Your work as an energy data expert at Alliander
At Alliander, you will work in the Grid Quality Management team, which is part of the System Operations department. This is a multi-disciplinary scrum team consisting of data scientists, software engineers and energy experts. Here you will help on implementing the mathematical models coming from your PhD research directly into the IT systems used for grid operations. In this way, your models will use real field data and the model results can be used directly to get insight into the power grid. The goal is to enable Alliander to realize customer connections without making major capital investments.
An MSc degree in (applied) mathematics, physics, or a related field.
Computational experience: numerical methods for partial differential equations.
Proficient in programming languages used in scientific computing, such as Python and a willingness to develop programming skills further.
Fluency in verbal and written English.
Excellent communication, presentation and writing skills.
Comfortable in working in multi-disciplinary team.
Your working conditions
You have the energy, we give you the space – the space to get the best out of yourself. Because that benefits everyone: you, Alliander and most of all our customers. And there's more. In this role, you can expect (based on a 38-hour working week):
A gross monthly salary of up to € 4.530, - (scale 8).
A permanent contract after one year.
A Personal Budget of 18% of your annual salary on a full-time basis. You can choose to have this paid out, to purchase extra leave days or to pay it into your pension.
An allowance of 70% of the statutory minimum wage for parental leave hours. This applies if you take parental leave after one year of service.
36 hours (4.5 days) extra saved leave each year. You can use this leave or save it for up to 10 years for a sabbatical etc.

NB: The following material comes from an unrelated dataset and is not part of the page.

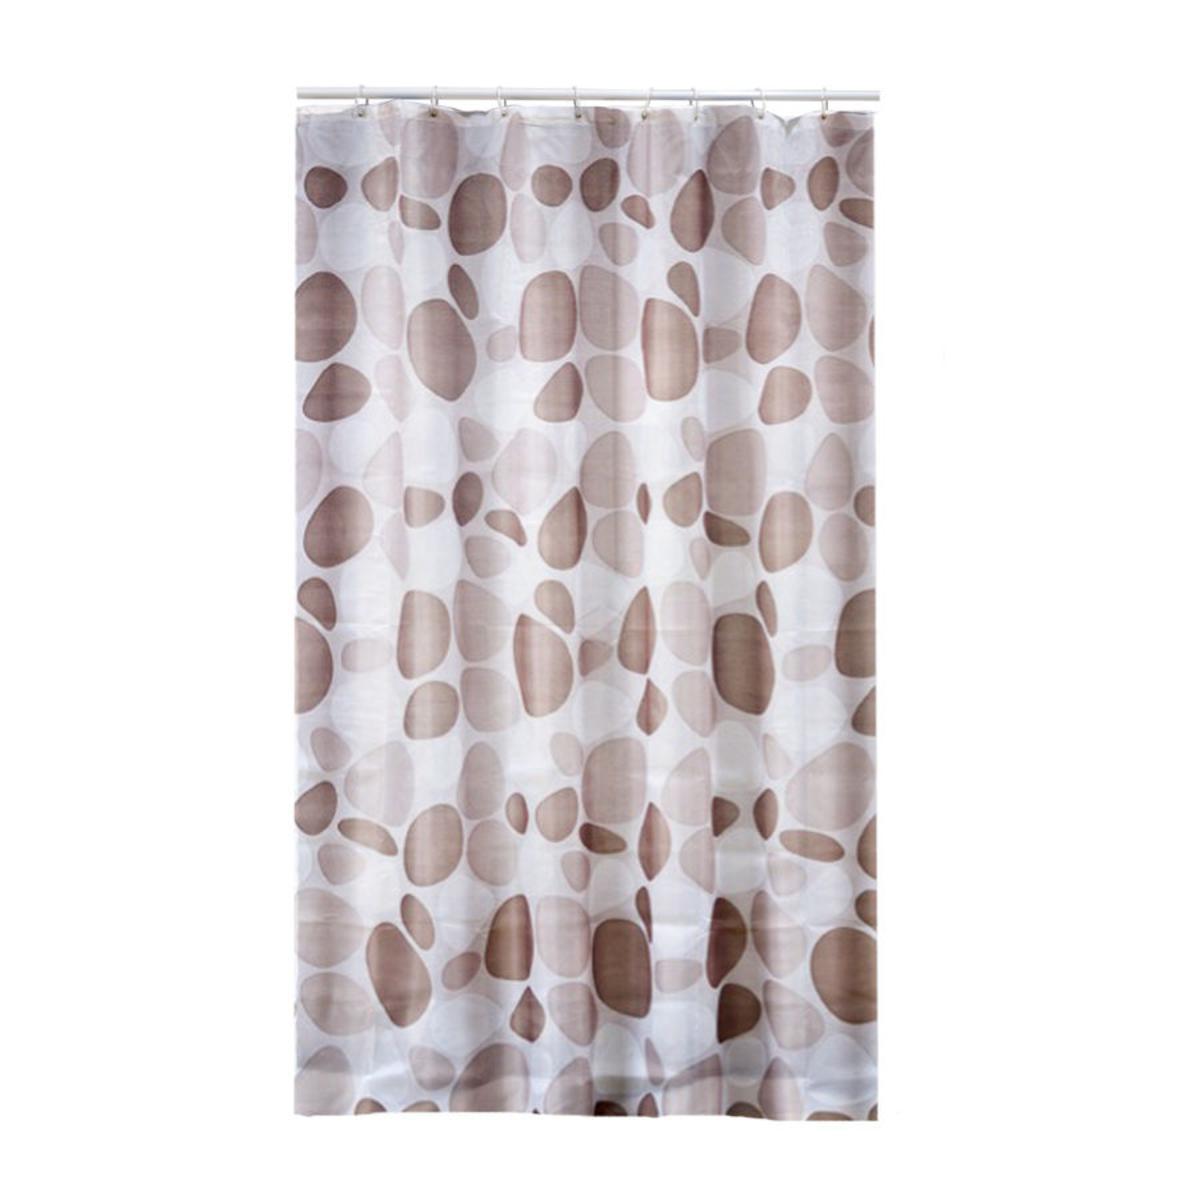 Rideau de douche textile en polyester - 180 x 200 cm - Beige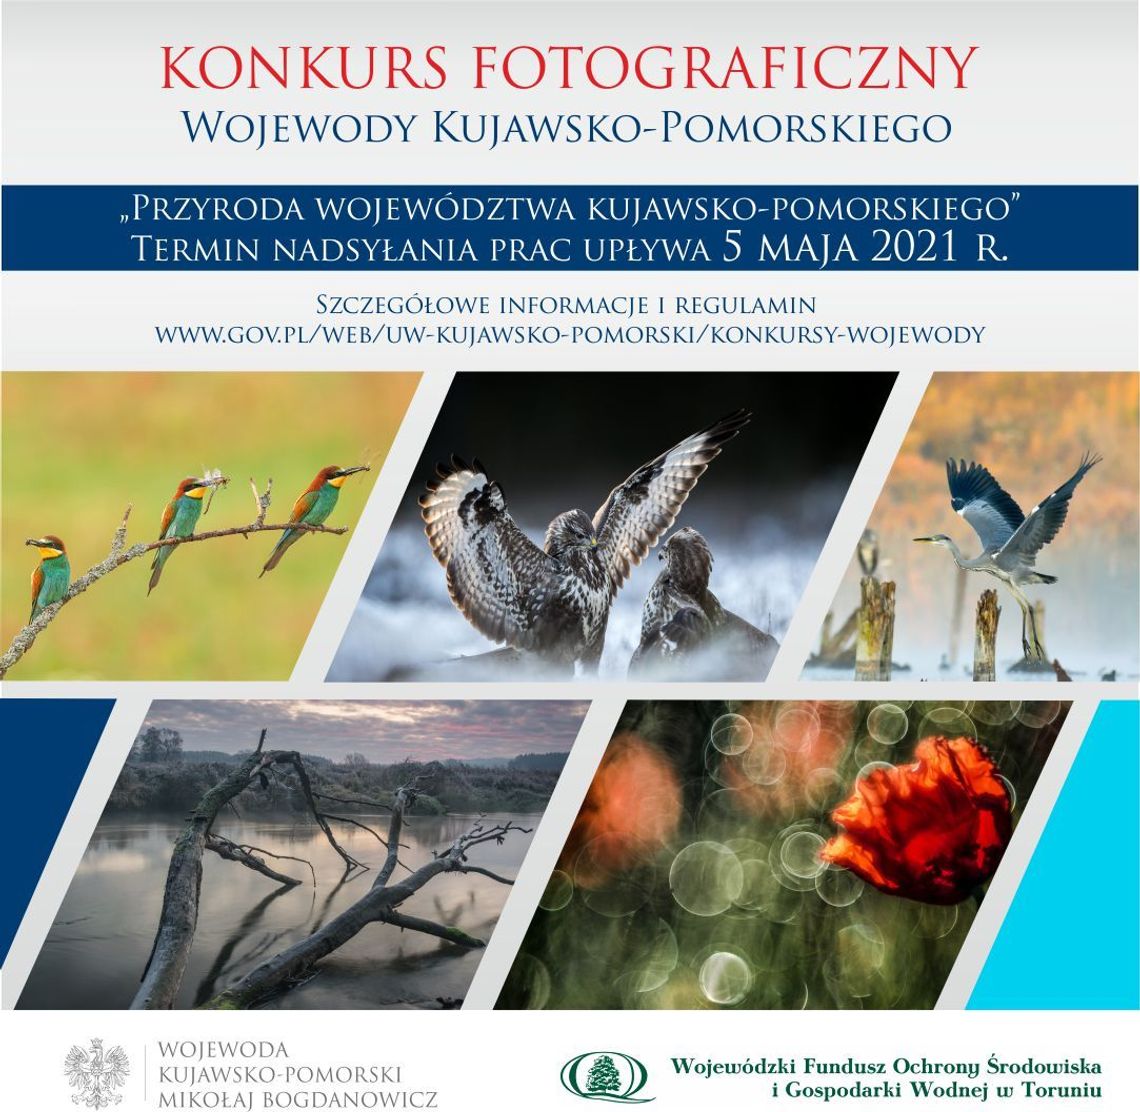 Konkurs fotograficzny "Przyroda województwa kujawsko-pomorskiego"

A long-term employability budget of €500. You can use this for career development, a gym membership and/or ergonomic home office furniture etc.
A pension at ABP. Alliander pays 70% of your pension premium.
A fixed year-end bonus of 5.94%.
Alliander offers you plenty of space and opportunities for development. We work with the best trainers in the Netherlands. You can choose from a wide range of training courses, workshops, study programmes, study books, webinars and e-learning modules.
An NS Business Card or a mileage allowance if you travel by car.
A gross contribution of €360 and discounts on supplementary insurance if you have a collective health insurance policy with Zilveren Kruis Achmea.
A laptop and mobile phone, or Bring Your Own Device.
You'll be surprised by the excellent working conditions at Alliander. We have listed them for you at https://werkenbij.alliander.com/arbeidsvoorwaarden
Alliander screens all applicants. Depending on the position, the screening consists of the following steps: checking references, checking the authenticity of identity papers and diplomas, an integrity check and requesting a certificate of conduct (VOG).